Aux Jardins d’Éole, un petit déjeuner quotidien pour les migrants

Ce mardi matin à Stalingrad, dans le 19e arrondissement de Paris, l’association Petits Déjeuners Solidaires organise sa distribution alimentaire. Un rendez-vous quotidien devenu inévitable pour les migrants et sans-abri du quartier.

Dans le quartier de Stalingrad, un petit déjeuner solidaire est distribué tous les matins. (©Meïssa Guèye)

Dans le froid et la nuit, Isaac est l’un des premiers arrivés aux Jardins d’Éole. Presque caché sous la capuche de sa doudoune, ce quadragénaire vient chercher un café et de quoi manger. Le coup d’envoi du petit déjeuner est à peine lancé que déjà, une file d’attente se forme à l’entrée du parc. Près du conteneur où sont conservés les stocks alimentaires et le matériel, chacun s’affaire à sa tâche. Christine, trésorière du collectif, veille à ce que tout le monde puisse bénéficier d’une boisson chaude.

Depuis sa création, en 2015, l’association propose une distribution alimentaire tous les matins de 8h à 10h. Une initiative née de la mobilisation des habitants face à l’afflux de réfugiés dans le quartier. Venus pour beaucoup d’Afghanistan, du Soudan ou encore d’Erythrée, ils sont une majorité à dormir dans la rue. A l’instar de ses camarades de table, Isaac ne parle pas français. Et il est ravi de ne pas avoir à le faire pour profiter d’un repas. Du pain, seul ou avec de la confiture, des sandwichs et quelques viennoiseries. Pour la plupart, des invendus que le collectif Petits Déjeuners Solidaires récupère dans les boulangeries et petits commerces du quartier.

Tous les jours, toute l’année

« With milk ? » (« avec du lait ? ») répète en boucle Lola dans un accent imparfait. C’est avec ces seuls mots que la bénévole échange avec la plupart des réfugiés. L’idée n’est pas d’initier la conversation, mais d’assurer un service continu. Entre deux cafés au lait, elle se frotte les mains pour les réchauffer. « J’ai froid, confie-t-elle avant de se reprendre. Puis je pense tout de suite à eux et je me sens bête ». Cette pâtissière de 27 ans distribue le petit déjeuner trois fois par semaine.

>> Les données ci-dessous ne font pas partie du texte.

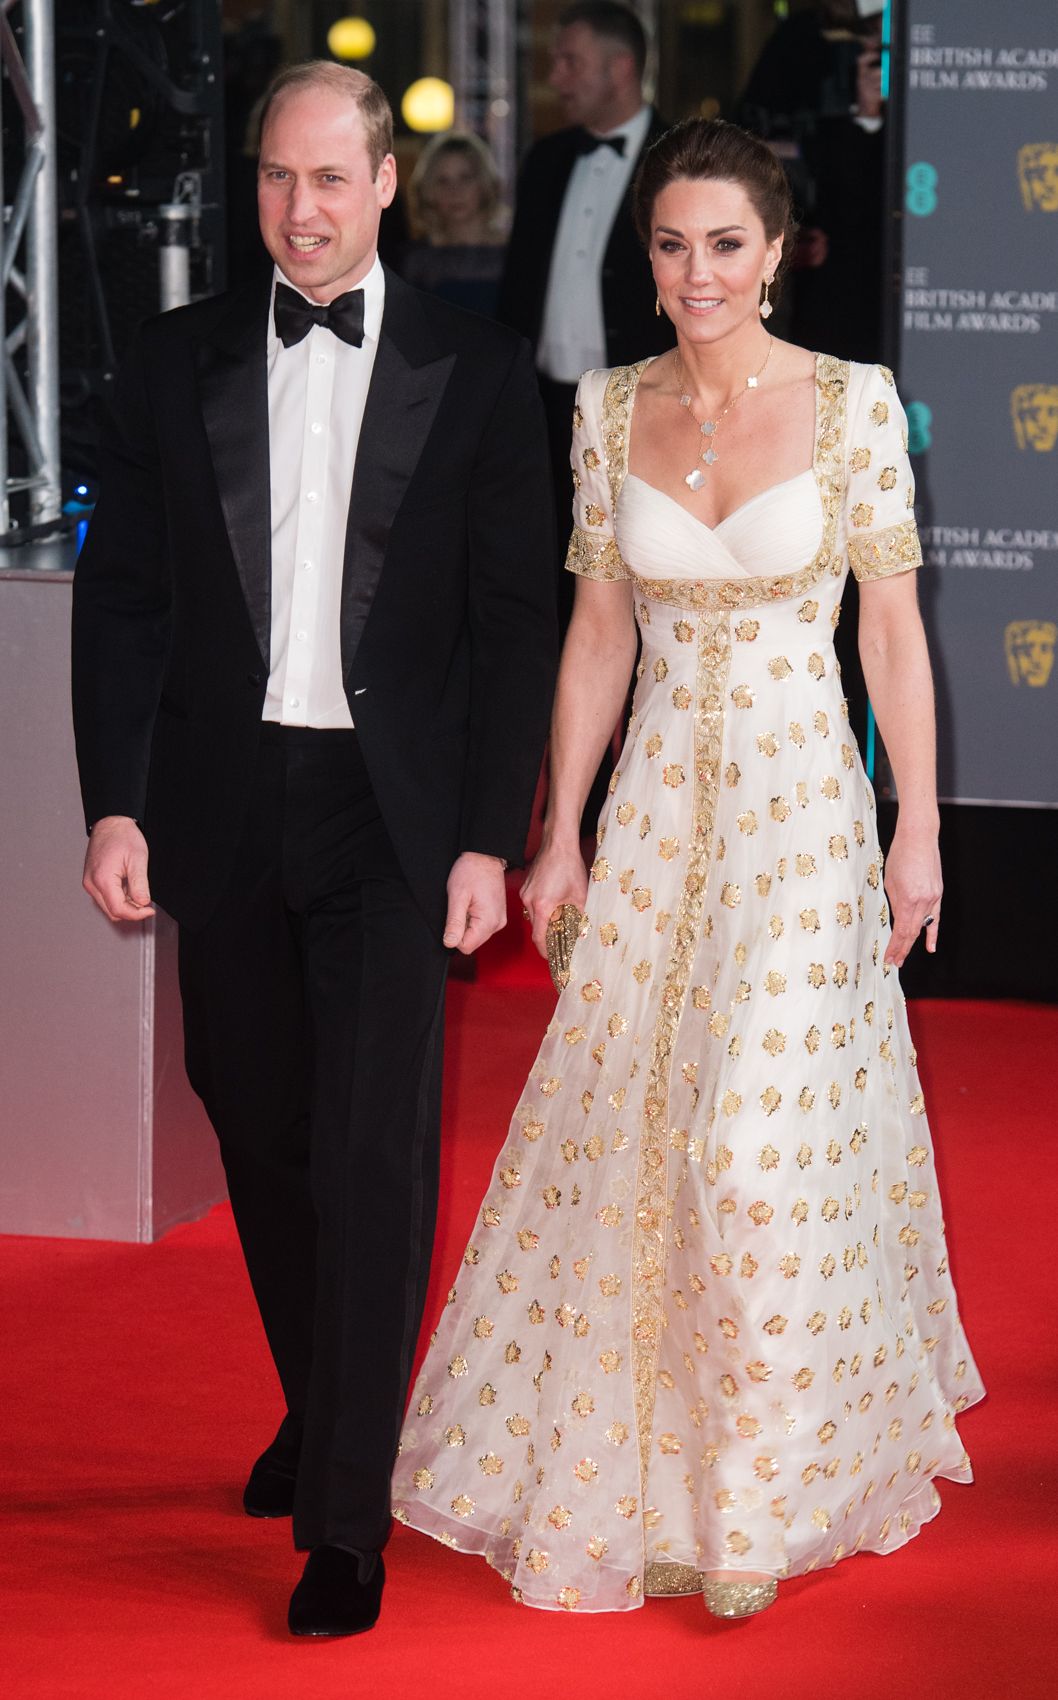 Kate Middleton's 2019 BAFTAs Look: White Gown, Glittery Silver Pumps

L’occasion de partager un moment de sociabilité avec ceux qui le souhaitent. Ou de s’en tenir à de brèves paroles avec ceux qui préfèrent récupérer leur repas en silence.

Ne pas avoir à sauver la face, c’est ce que qu’apprécie Ali. Arrivé en France il y a trois ans, ce jeune afghan est souvent resté plusieurs jours sans manger. Les sourcils froncés, il accuse le coup : « J’avais l’impression de devoir prouver aux gens que je ne suis ni dangereux ni drogué pour qu’ils acceptent de me donner quelques pièces ». L’impression d’être déshumanisé, il a tenté sa chance dans d’autres quartiers de la capitale. Sans grand succès : « De toutes les initiatives solidaires où je suis allé, c’est celle-ci la plus constante. »

Une baisse de fréquentation en hiver

Petit à petit, la file d’attente s’amenuise. Un peu plus d’une centaine de petits déjeuners servis en une matinée. C’est deux à trois fois moins qu’en septembre. Christnel, bénévole depuis cet été, en fait le constat. « En octobre, la préfecture a évacué le camp [de migrants] sous le pont de Stalingrad. Forcément ça fait beaucoup de gens en moins d’un coup », raconte l’étudiant. La 25e opération du même type en 2023. Pour un total de 4300 personnes mises à l’abri depuis le début de l’année. Moins de personnes dans les rues. Mais pas forcément moins de monde dans le besoin.

Ibrahim, machiniste de théâtre, vient à la distribution tous les jours depuis quatre ans. (©Meïssa Guèye)

C’est en tout cas l’avis d’Ibrahim, sans-abri dans le quartier depuis 4 ans. Gobelet dans une main et morceau de brioche dans l’autre, ce machiniste au théâtre Grand Parquet discute avec les bénévoles qu’il connait bien. « Avec l’hiver, les absents ont dû trouver une place en centre d’hébergement », explique-t-il avec un léger sourire. Mais pour cet habitué de 47 ans, les solutions provisoires ne règlent pas le problème de l’extrême précarité.

Une fois les beaux jours de retour, il sait que les rues seront de nouveau pleines. « C’est un système qui réinsère mal les gens. Résultat, notre situation ne change pas et la galère recommence », regrette-t-il. Faute de pouvoir se raccrocher à des perspectives encourageantes, Ibrahim s’en va aider les bénévoles à tout ranger. Sa seule certitude quant à demain ? Un café. Même endroit, même heure.